Let’s dive into Snowflake’s capabilities! Note that many of these have existed pre-’22 but have matured with new features and sub-capabilities!
Data Architecture
We see many customers that want to build a data mesh, Snowflake is not a data mesh platform itself, but Snowflake has the technology to support your data mesh initiatives with its built-in features, starting with…
1. Data Governance
Know Your Data — is to understand, classify, and track data and its usage
- account_usage (and read_account_usage) — contains account metadata and usage metrics with retention for up to one year.
- access_history — contains metadata about which Snowflake roles accessed data artifacts, what objects were created based on that access (including column lineage) and what policy was in place when that data was accessed.
- object_dependencies — to detect what the impact would be if changes are made to a Snowflake object
- object tagging –tagging Snowflake objects with key-value pairs such resources belonging to a business domain.
- auto-classification — using Snowflake’s own trained classification model to tag content with a semantic and privacy categories
- organization_usage — tracking your cluster of Snowflake accounts under your organisation, including billing data.
Protect your data — to secure sensitive data with native encryption and your own custom policy-based access controls
- Encryption — world class end-to-end and key-management including the ability to bring your own key.
- Role-based access control (RBAC) — industry leading practice for managing access to your data. Tracked under account_usage views and interactive Snowsight tabs.
- Dynamic data masking (DDM) — built-in column level security policies, tracked under account_usage views.
- External tokenisation — similar to DDM, but utilising an external partner through external functions to mask data in place
- Row access policies — dynamically isolate rows of a data object based on your RBAC, tracked under account_usage views.
- Conditional policies — applying DDM based on a column value in the same table.
- Tag-based policies — applying tags from database or below and all objects in the hierarchy inherit the policies applied based on data type. Tracked under account_usage views.
- Anonymisation — applying k-anonymity or data hierarchies to anonymise data.

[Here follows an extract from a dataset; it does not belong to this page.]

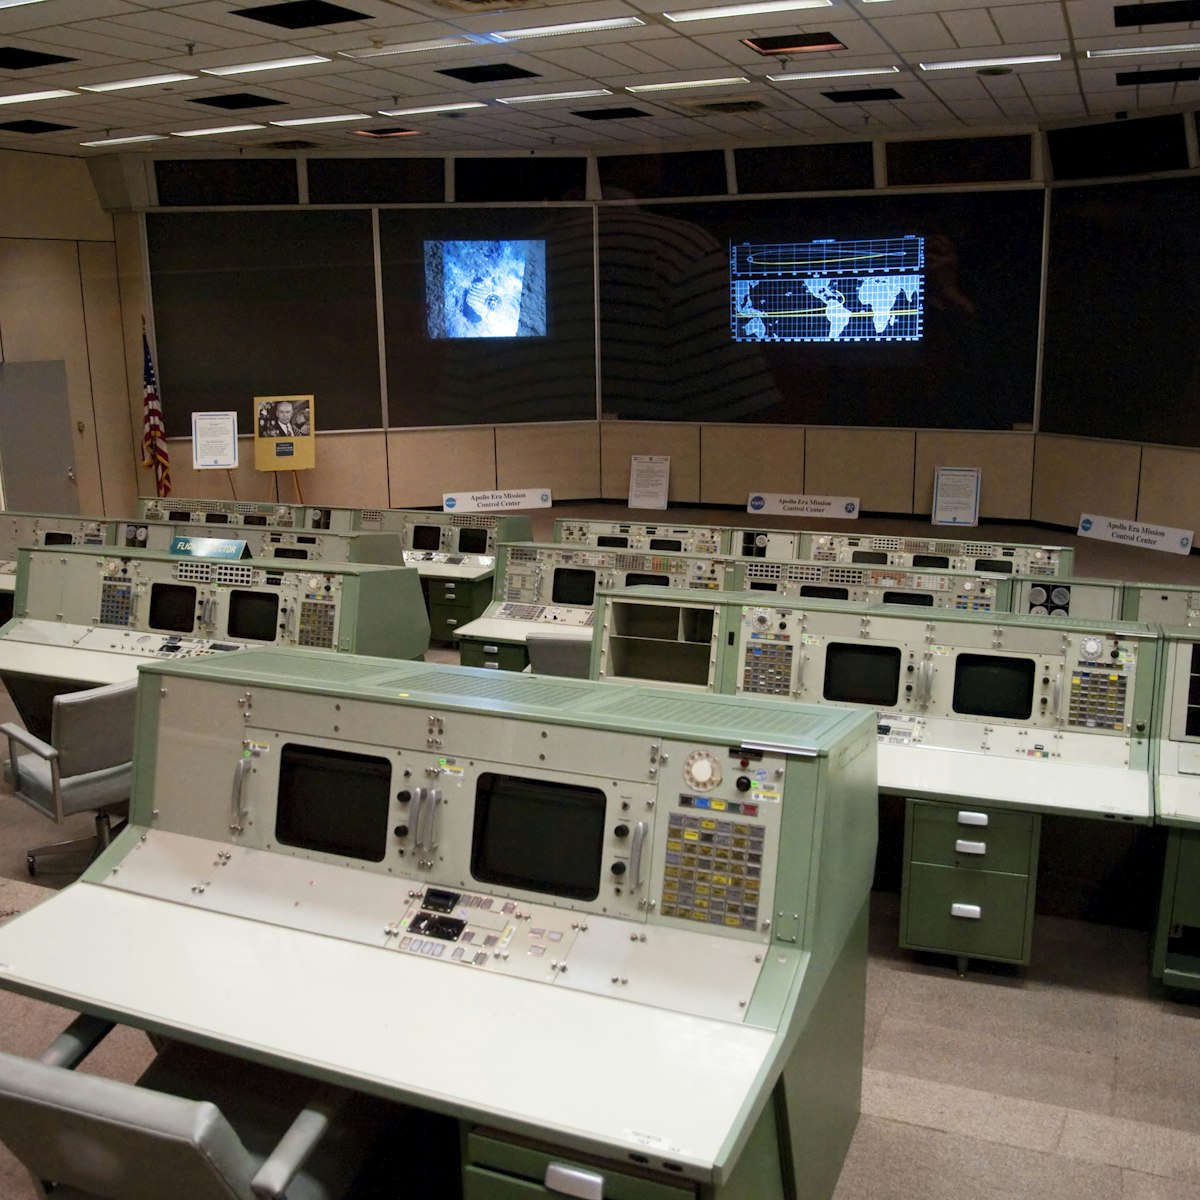 Apollo Era Mission Control Center, NASA Space Center Houston, Johnson Space Center.

- Session policies — designed to control session timeouts
- +++ — more to come!!!
2. Domain-oriented architecture
When you decide on a decentralised, hybrid or governed approach to your data mesh, then consider the following.
- Using Snowflake object tags and RBAC to tag ownership of Snowflake account resources under a domain. This can be extended with Snowflake’s budgets and resource group objects to alert and suspend credit consumption within the Snowflake account; in addition to Resource Monitors that is already available on Snowflake.
- If each domain has their own Snowflake account, then also consider managing access and data product sharing in a private data exchange.
- Streaming ingestion (aka dumb pipes) as new business events are streamed, Snowflake’s new Streaming API for Snowpipe enables rowset ingestion into a Snowflake account. This enables you to insert directly into Snowflake tables without the need to stage the data first using Snowpipe + Kafka.
3. Business Continuity and Disaster Recovery
Snowflake inherits the guarantees of the cloud service provider (AWS, Azure, GCP) for fault tolerance, durability, and scalability; you may, however, have the requirement to support multi-region redundancy in the form of business continuity and replication over and above what Snowflake already provides by default. Yes, Snowflake supports business continuity too in the case if a CSP’s region goes down, you may require the assurances your business can continue operations without disruption and with Snowflake’s replication and failover technology that is possible. Utilizing Snowflake’s organizations capability, you can asynchronously replicate your Snowflake account(s) and/or database(s) in one region to another and failover your Snowflake supported connectors to the secondary Snowflake account with minimal disruption. Snowflake supports:
- Database replication at the database level-only (excludes privileges, account parameters). These include replication groups, streams, materialised views, tags, passwords, policies. Database replication can be configured to be cross-region or within the same region and replication and failover can be configured to multiple target accounts within an organisation.
- Account replication replicates the entire account.
- Client redirection to enable redirecting your client connections (ex. JDBC, ODBC, Snowpark, SnowSQL, Python Connector, more…) to Snowflake accounts in different regions.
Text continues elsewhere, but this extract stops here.